**Work instructions:** From the line with "Spoon in a glass" to the final line of the records, every line is to be duplicated exactly, both of those lines included.

**Entries taken from a collection:**
::::::

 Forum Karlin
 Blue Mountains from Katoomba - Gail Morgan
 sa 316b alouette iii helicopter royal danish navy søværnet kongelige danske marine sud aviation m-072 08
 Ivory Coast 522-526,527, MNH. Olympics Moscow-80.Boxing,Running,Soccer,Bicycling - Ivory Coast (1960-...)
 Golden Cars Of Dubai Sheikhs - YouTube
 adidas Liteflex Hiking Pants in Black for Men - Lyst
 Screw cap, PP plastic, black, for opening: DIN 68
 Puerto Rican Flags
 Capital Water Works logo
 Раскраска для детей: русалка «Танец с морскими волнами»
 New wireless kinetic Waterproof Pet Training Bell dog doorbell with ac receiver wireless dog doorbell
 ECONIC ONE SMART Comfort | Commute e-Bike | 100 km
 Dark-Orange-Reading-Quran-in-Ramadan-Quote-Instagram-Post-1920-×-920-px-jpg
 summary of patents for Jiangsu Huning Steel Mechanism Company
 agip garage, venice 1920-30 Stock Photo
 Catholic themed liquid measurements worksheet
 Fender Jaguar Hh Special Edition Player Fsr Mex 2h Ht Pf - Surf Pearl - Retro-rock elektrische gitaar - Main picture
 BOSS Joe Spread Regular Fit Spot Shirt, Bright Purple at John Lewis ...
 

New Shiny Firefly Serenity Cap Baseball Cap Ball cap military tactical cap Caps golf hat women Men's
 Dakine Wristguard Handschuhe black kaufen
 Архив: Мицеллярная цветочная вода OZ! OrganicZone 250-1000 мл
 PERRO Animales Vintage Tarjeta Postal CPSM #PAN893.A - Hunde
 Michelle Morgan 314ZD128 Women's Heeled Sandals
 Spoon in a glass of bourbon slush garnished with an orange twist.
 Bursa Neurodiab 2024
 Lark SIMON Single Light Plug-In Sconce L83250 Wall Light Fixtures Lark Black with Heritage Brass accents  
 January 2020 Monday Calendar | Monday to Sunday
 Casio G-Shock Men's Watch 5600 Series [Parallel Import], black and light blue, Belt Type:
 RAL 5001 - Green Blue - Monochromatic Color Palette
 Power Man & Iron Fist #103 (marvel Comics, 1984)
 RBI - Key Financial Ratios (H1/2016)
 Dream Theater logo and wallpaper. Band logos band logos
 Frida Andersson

::::::

**Exercise answer:**
 Spoon in a glass of bourbon slush garnished with an orange twist.
 Bursa Neurodiab 2024
 Lark SIMON Single Light Plug-In Sconce L83250 Wall Light Fixtures Lark Black with Heritage Brass accents  
 January 2020 Monday Calendar | Monday to Sunday
 Casio G-Shock Men's Watch 5600 Series [Parallel Import], black and light blue, Belt Type:
 RAL 5001 - Green Blue - Monochromatic Color Palette
 Power Man & Iron Fist #103 (marvel Comics, 1984)
 RBI - Key Financial Ratios (H1/2016)
 Dream Theater logo and wallpaper. Band logos band logos
 Frida Andersson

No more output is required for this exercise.